Repeat the listing exactly. The images do not belong in the copy.

*** Data shown

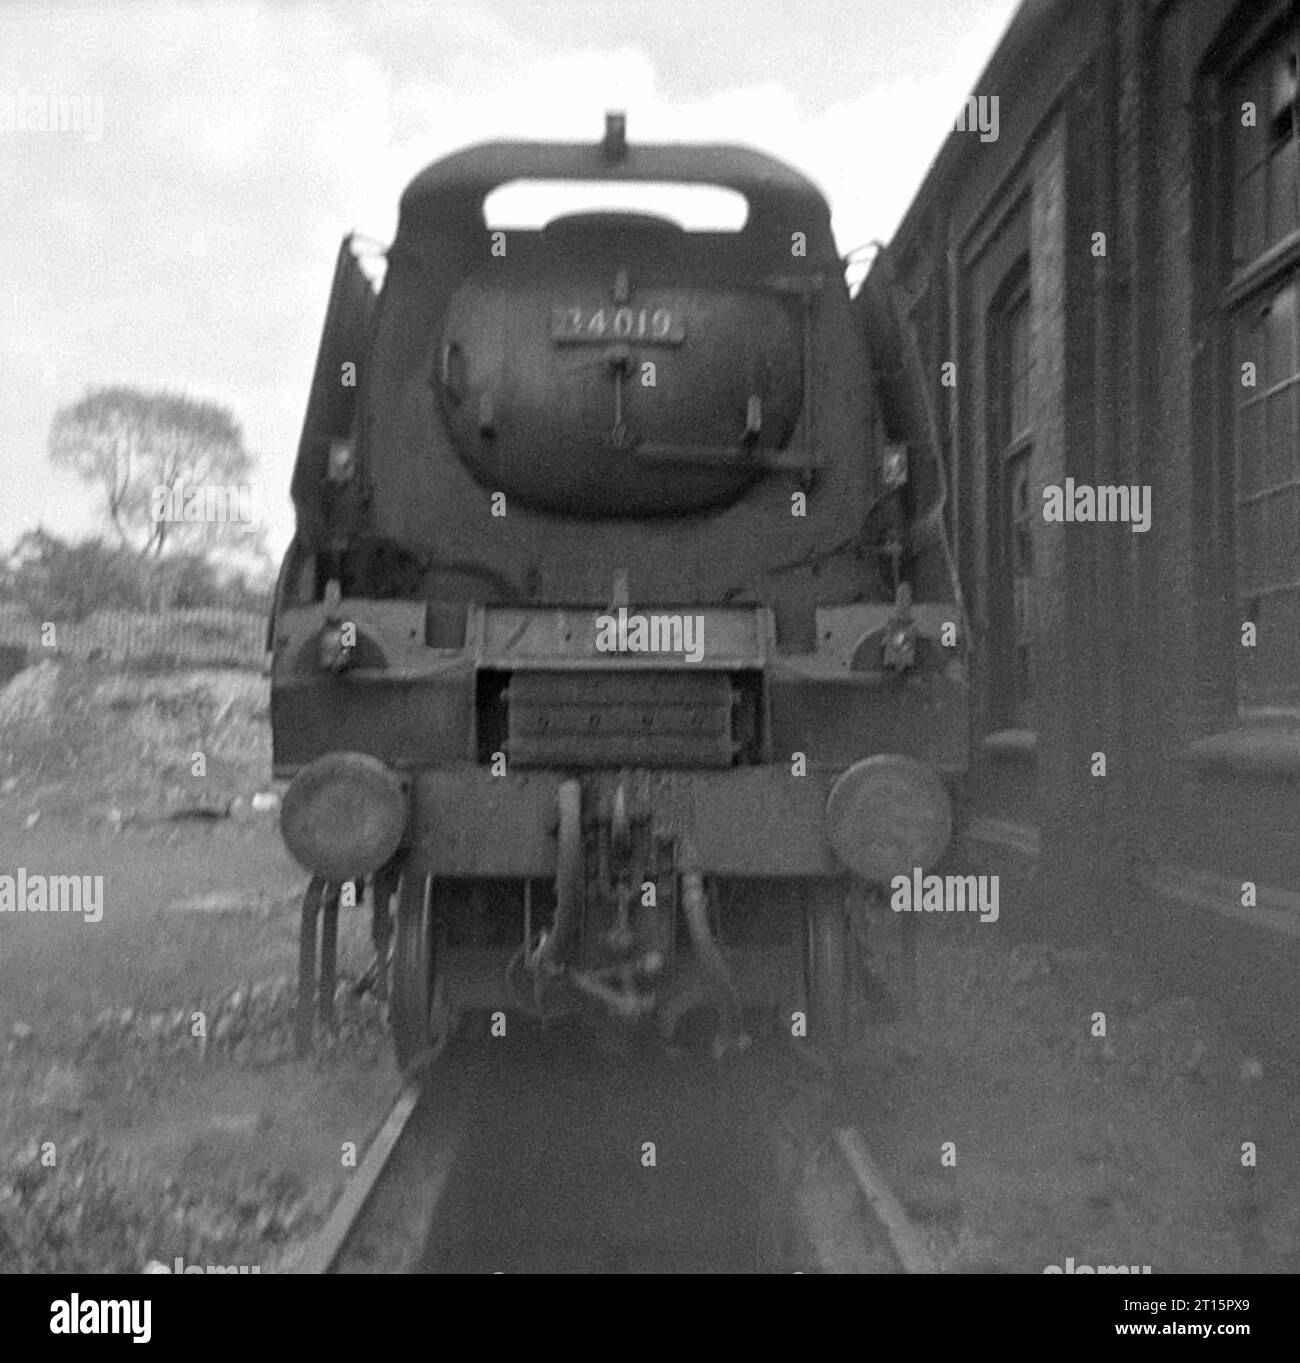 34018 and others at Basingstoke 1965-67 Stock Photo
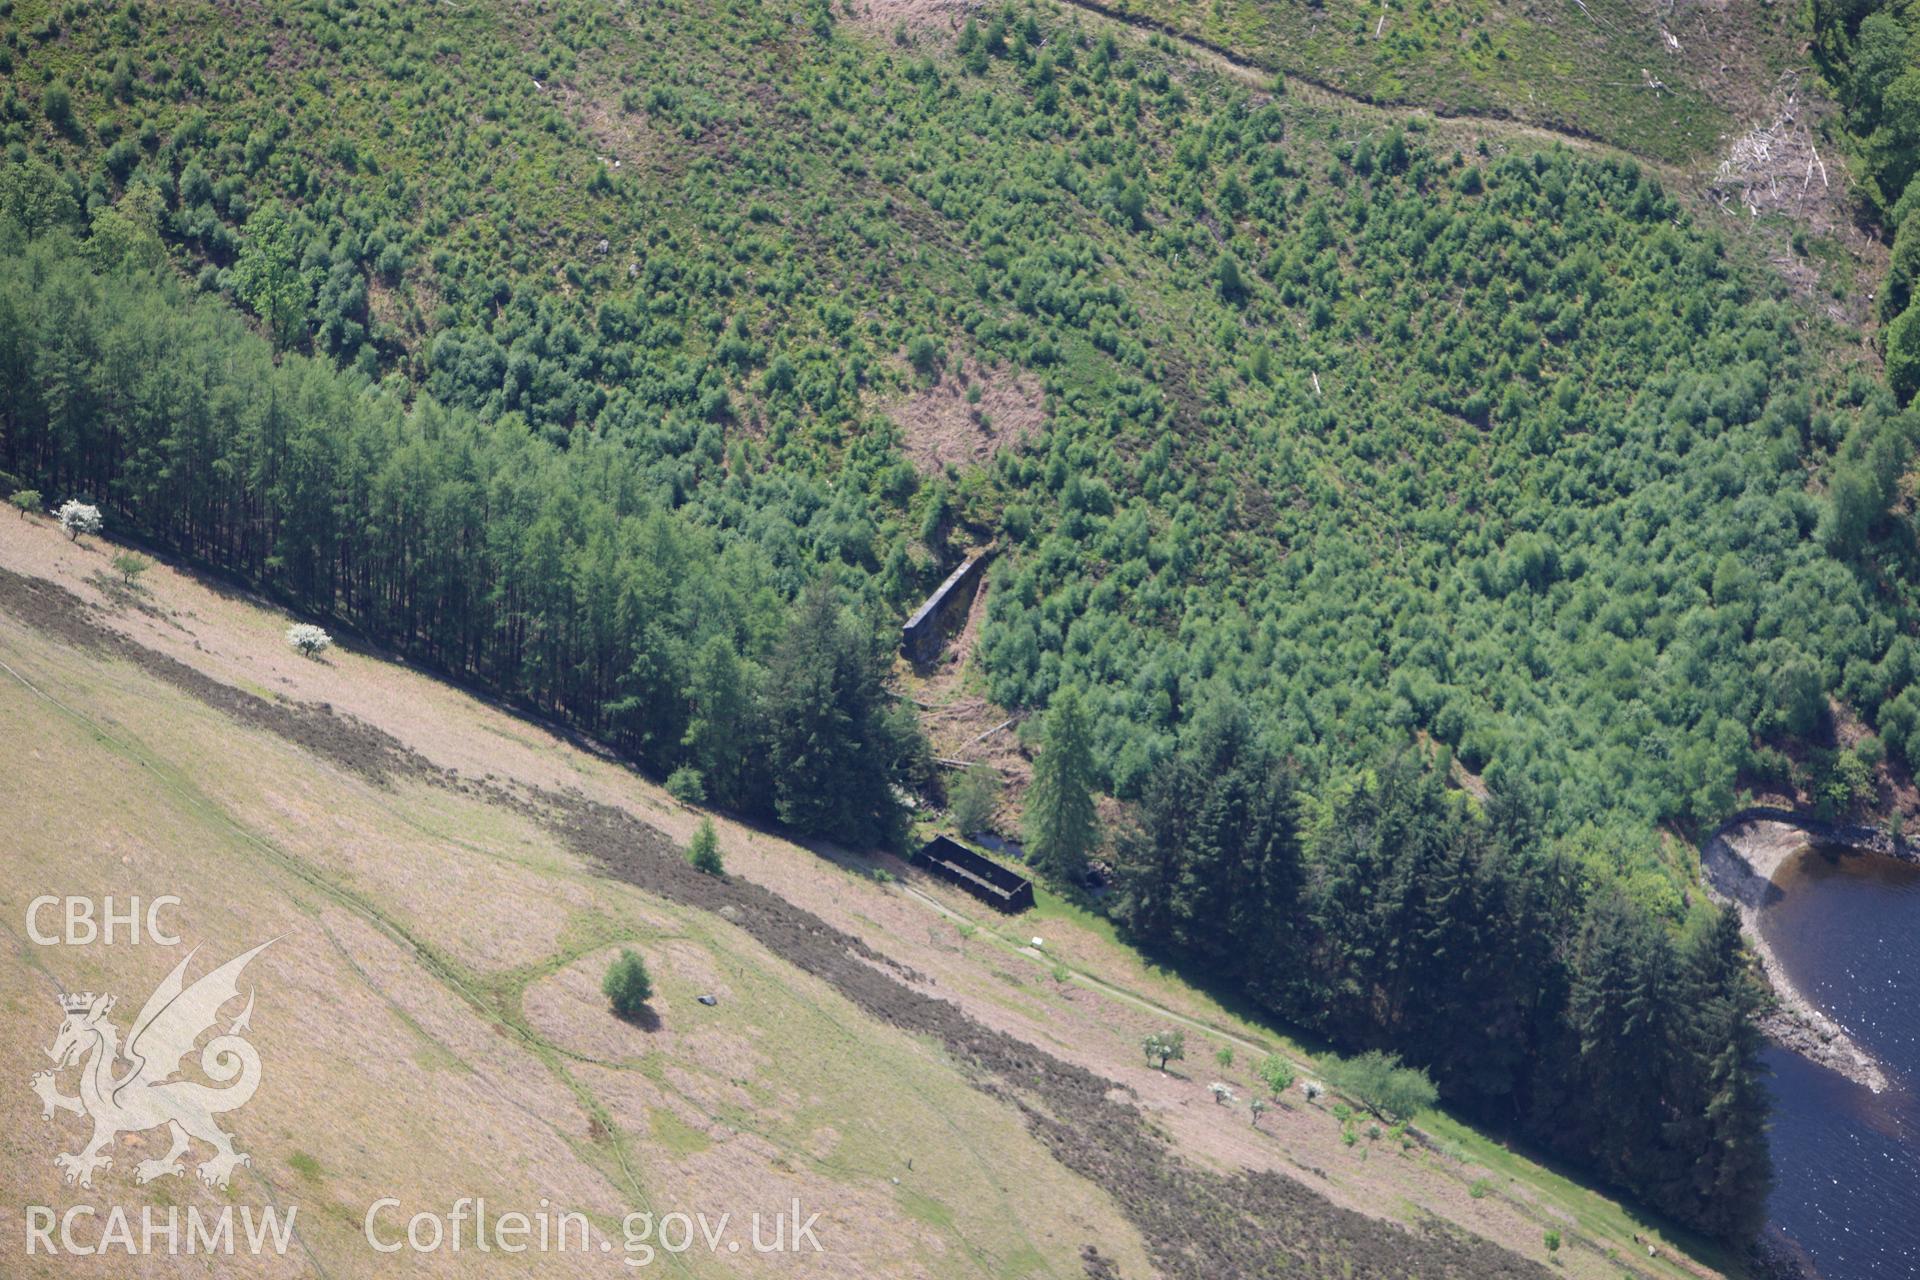 RCAHMW colour oblique photograph of Nant Y Gro Dam. Taken by Toby Driver on 28/05/2012.
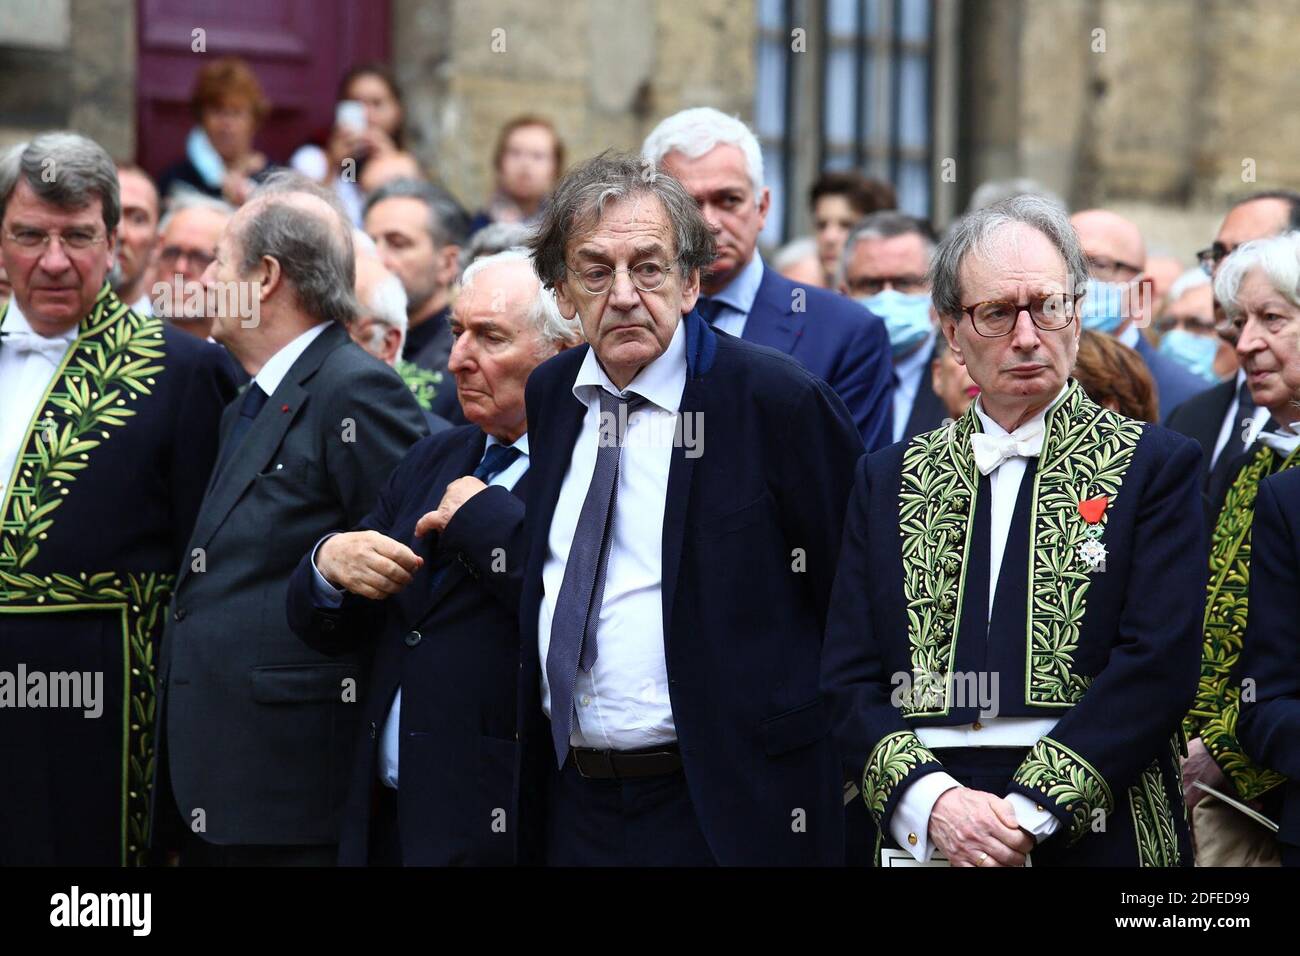 Alain Finkielkraut and Jean-Luc Marion at the funeral ceremony for French  historian and academician Marc Fumaroli at Saint-Germain-des-Pres church in  Paris, France on July 1, 2020. Fumaroli (10 June 1932 – 24
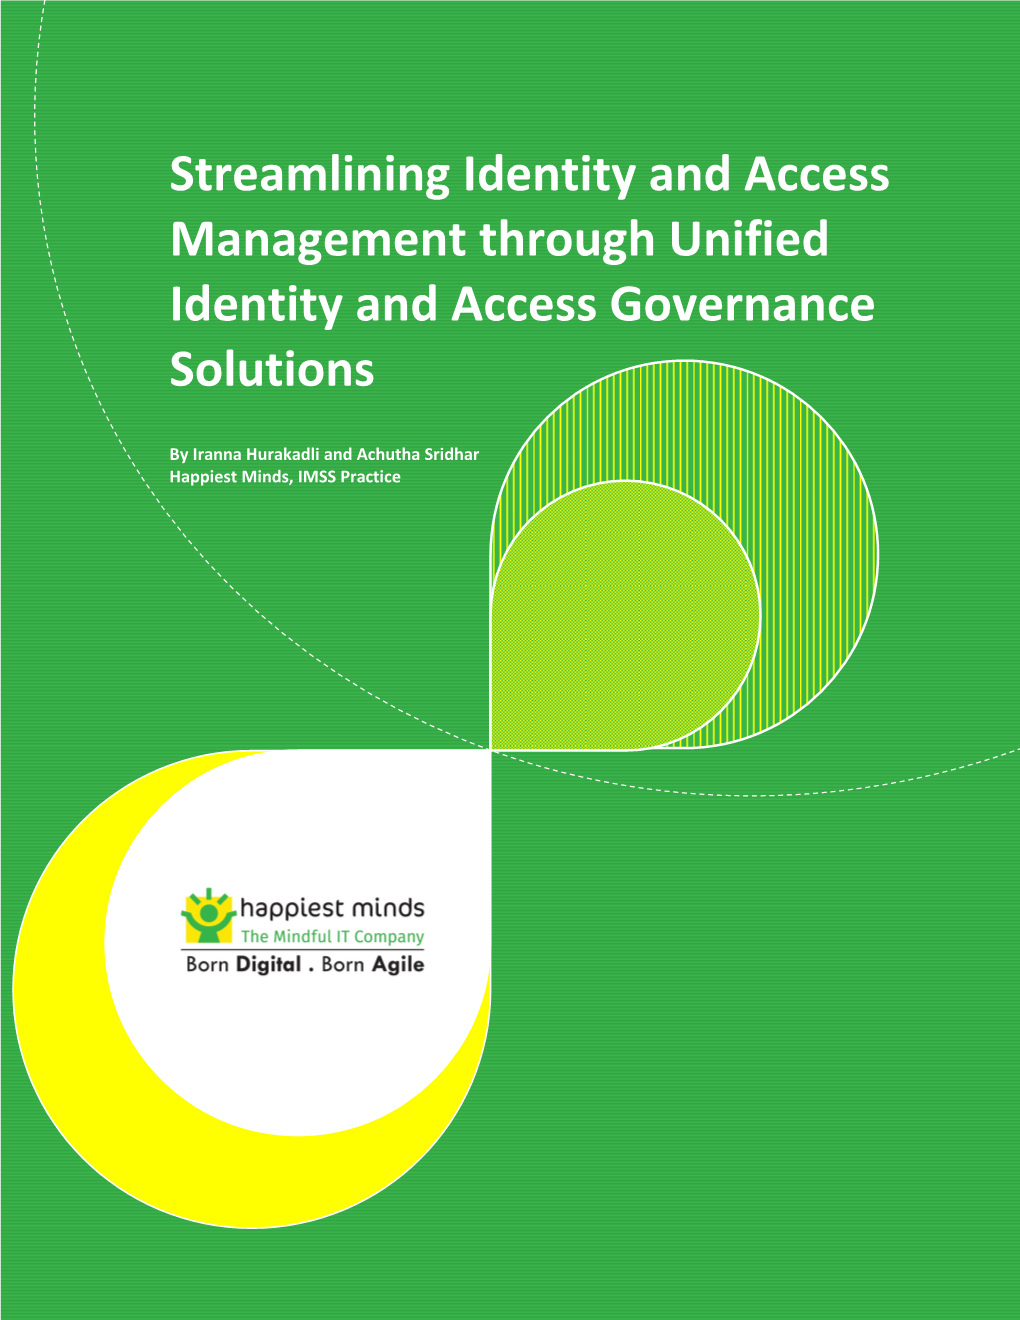 Streamlining Identity and Access Management Through Unified Identity and Access Governance Solutions

******

[Answer section]:
 34018 and others at Basingstoke 1965-67 Stock Photo
 RCAHMW colour oblique photograph of Nant Y Gro Dam. Taken by Toby Driver on 28/05/2012.
 Alain Finkielkraut and Jean-Luc Marion at the funeral ceremony for French  historian and academician Marc Fumaroli at Saint-Germain-des-Pres church in  Paris, France on July 1, 2020. Fumaroli (10 June 1932 – 24
 Streamlining Identity and Access Management Through Unified Identity and Access Governance Solutions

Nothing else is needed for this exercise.